The Malaysian economy remains on a recovery path in 2021. While the resurgence of COVID-19 cases and the re-imposition of nationwide containment measures are expected to weigh on growth, the impact will be cushioned by several factors. These include continued allowances for essential economic sectors to operate, higher adaptability to remote work, as well as increased automation and digitalisation. Growth will be further supported by policy measures, which will provide cash flow support, particularly for affected households and businesses. Going forward, the growth trajectory will depend on the ability to contain the epidemic and materialisation of health outcomes from the nationwide vaccination programme. This will allow economic sectors to gradually reopen and provide some lift to household and business sentiments.

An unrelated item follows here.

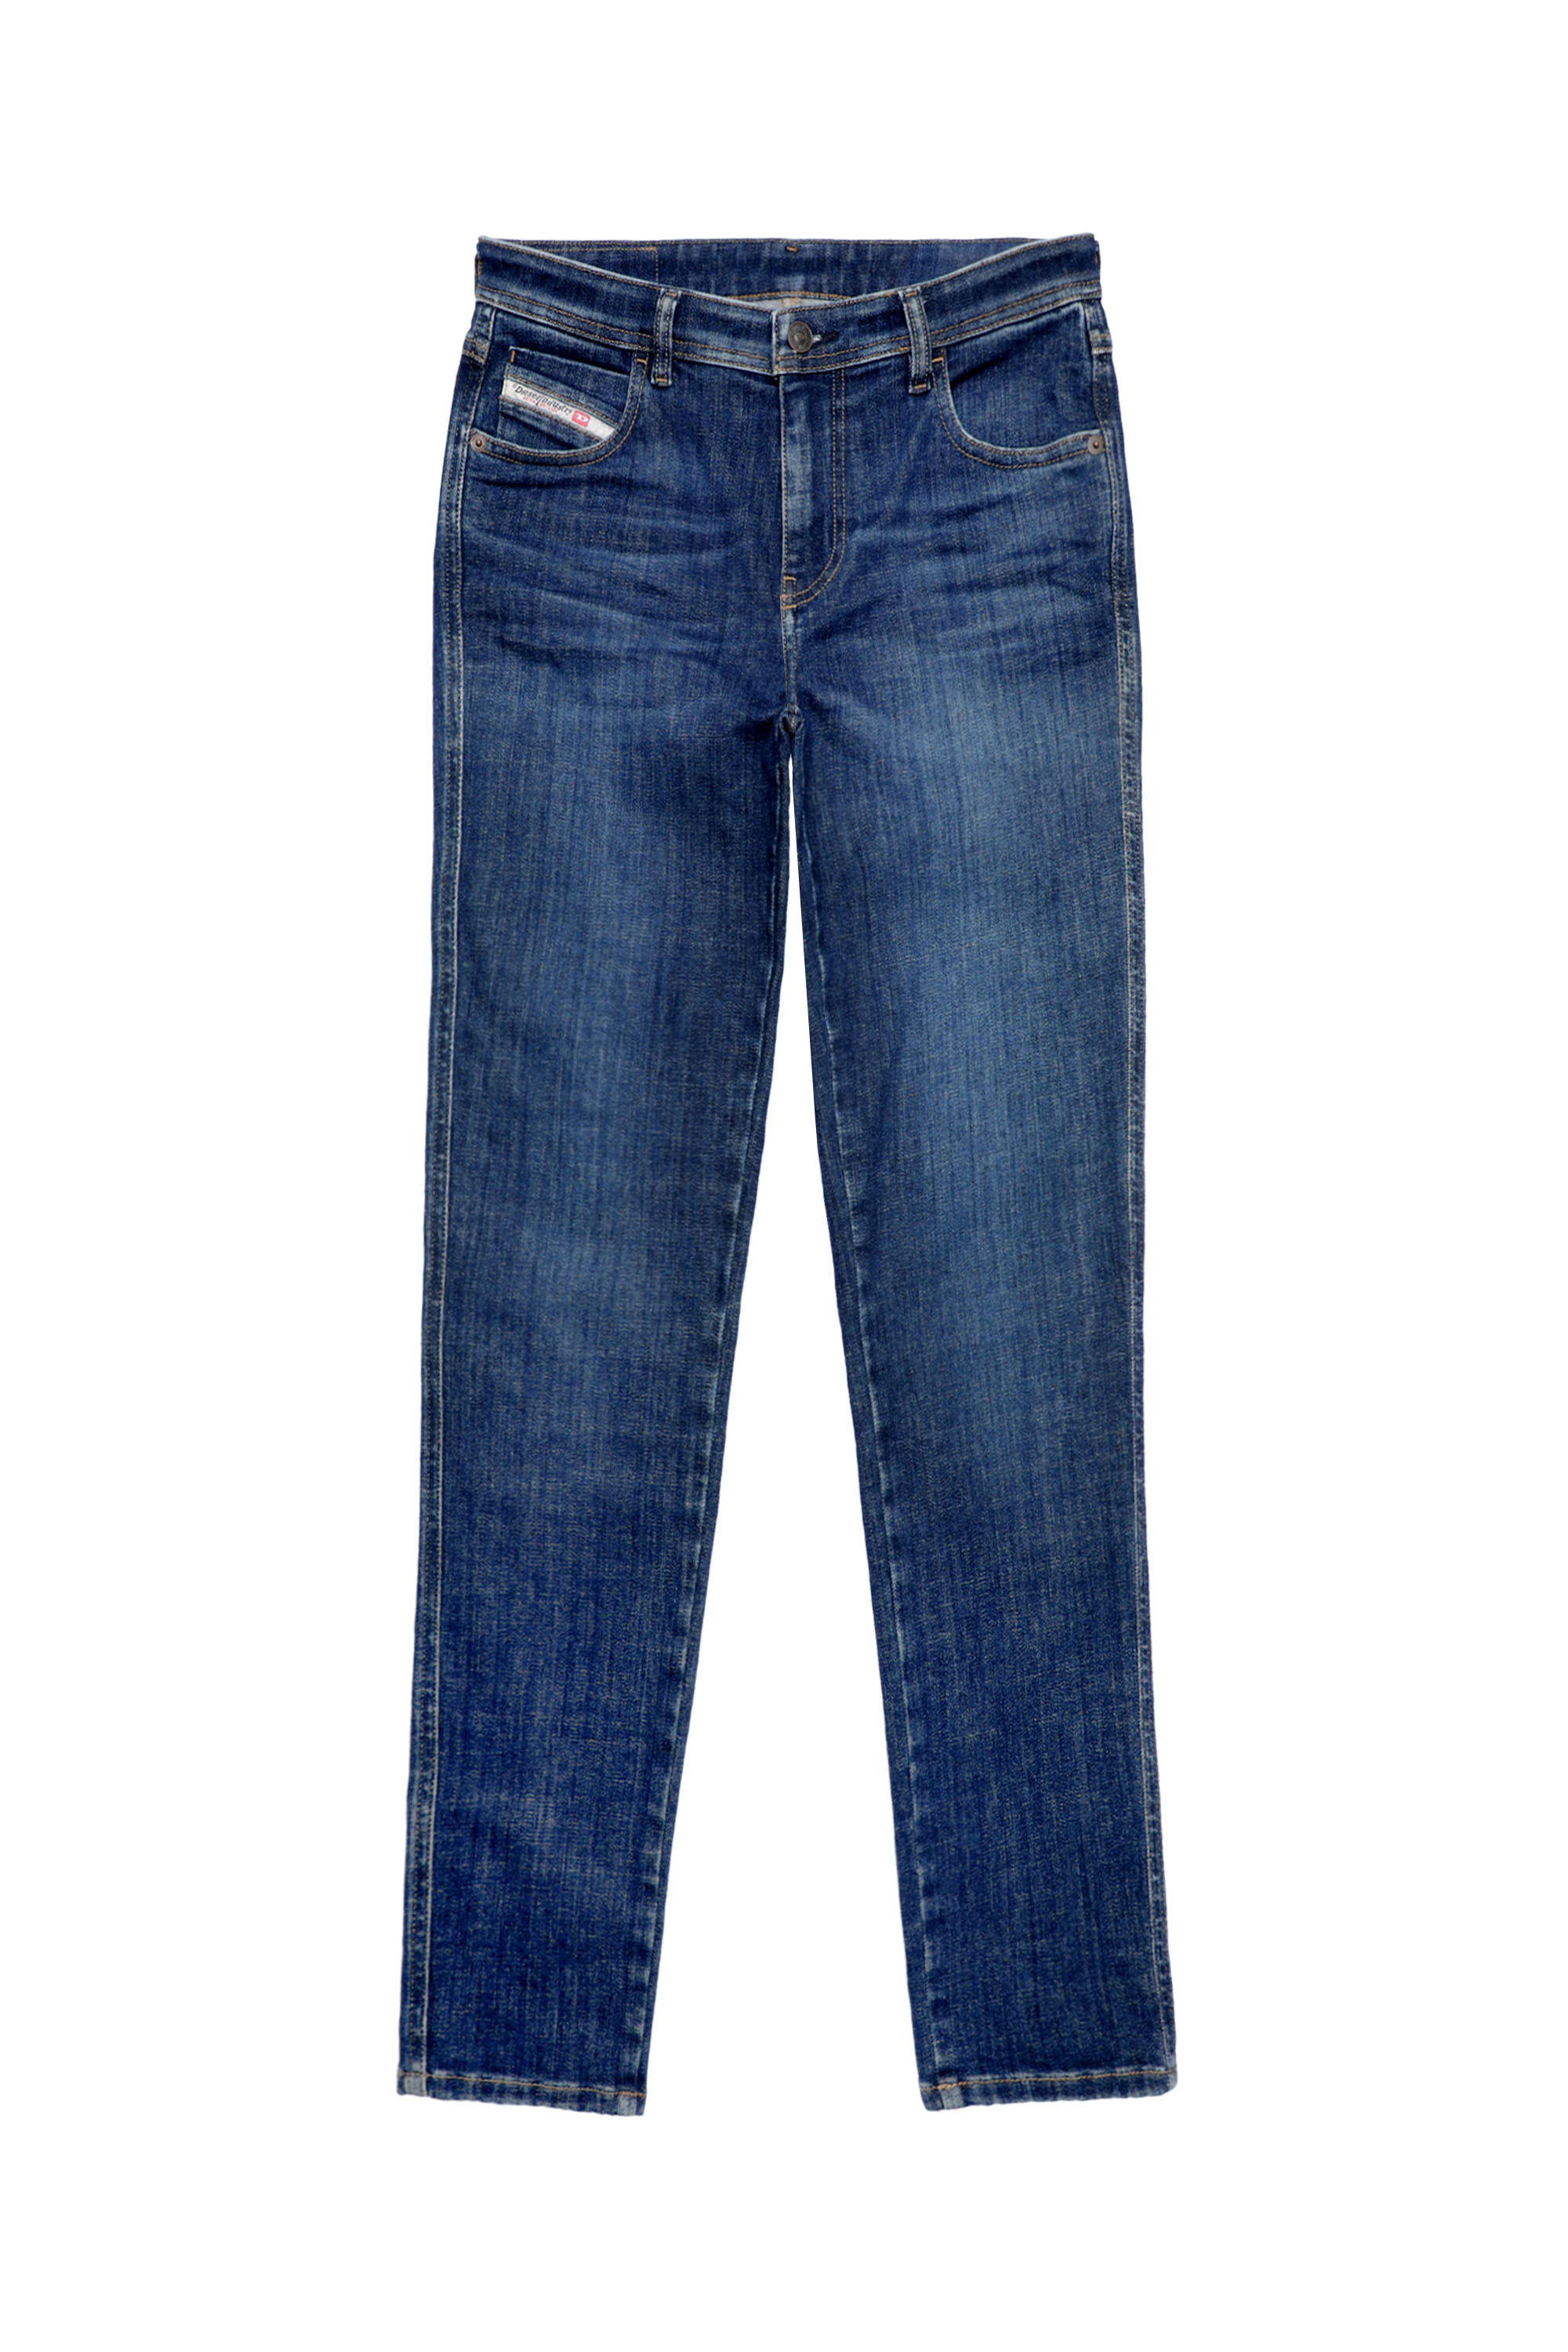 2015 BABHILA 09C58 Skinny Jeans, Azul Oscuro - Vaqueros

Thus, in projecting the revised growth range for the year, the Bank took into account the latest global economic developments, the implementation of the first phase of the National Recovery Plan (NRP), and assumptions on the gradual transitions to the second, third and fourth phases for each state based on the pace of vaccination rollouts, and healthcare system capacities. Against this backdrop, the Malaysian economy is projected to expand between 3.0% and 4.0% in 2021. The new growth projections are lower compared to the previously-announced growth range4, due in large part to the re-imposition of nationwide containment measures. Nevertheless, the expected re-opening of the economy would support a gradual recovery in the fourth quarter this year, with higher global growth and sustained policy support providing a further lift to economic growth. The recovery is expected to accelerate further going into 2022, supported by a gradual normalisation of economic activities as well as the positive spillovers from continued improvement in external demand.



Emphasising the domestic immunisation programme, Governor Datuk Nor Shamsiah explained “Malaysia’s growth recovery is expected to broadly resume in the later part of the second half of 2021 and improve going into 2022. A key catalyst for economic reopening and a driver of positive sentiment will be the continued progress and effectiveness of the national vaccination programme, which would alleviate the strain on healthcare system capacity and allow for the relaxation of containment measures. In addition, growth will be further supported by the ramp-up in commodity production, some materialisation of pent-up demand, and continued investment in large-scale infrastructure projects following lifting of restrictions.”


In the near term, headline inflation is projected to moderate as the base effect from fuel prices dissipates. For 2021 as a whole, headline inflation is expected to average between 2.0% and 3.0%. Underlying inflation, as measured by core inflation, is expected to remain subdued, averaging between 0.5% and 1.5% for the year, amid continued spare capacity in the economy.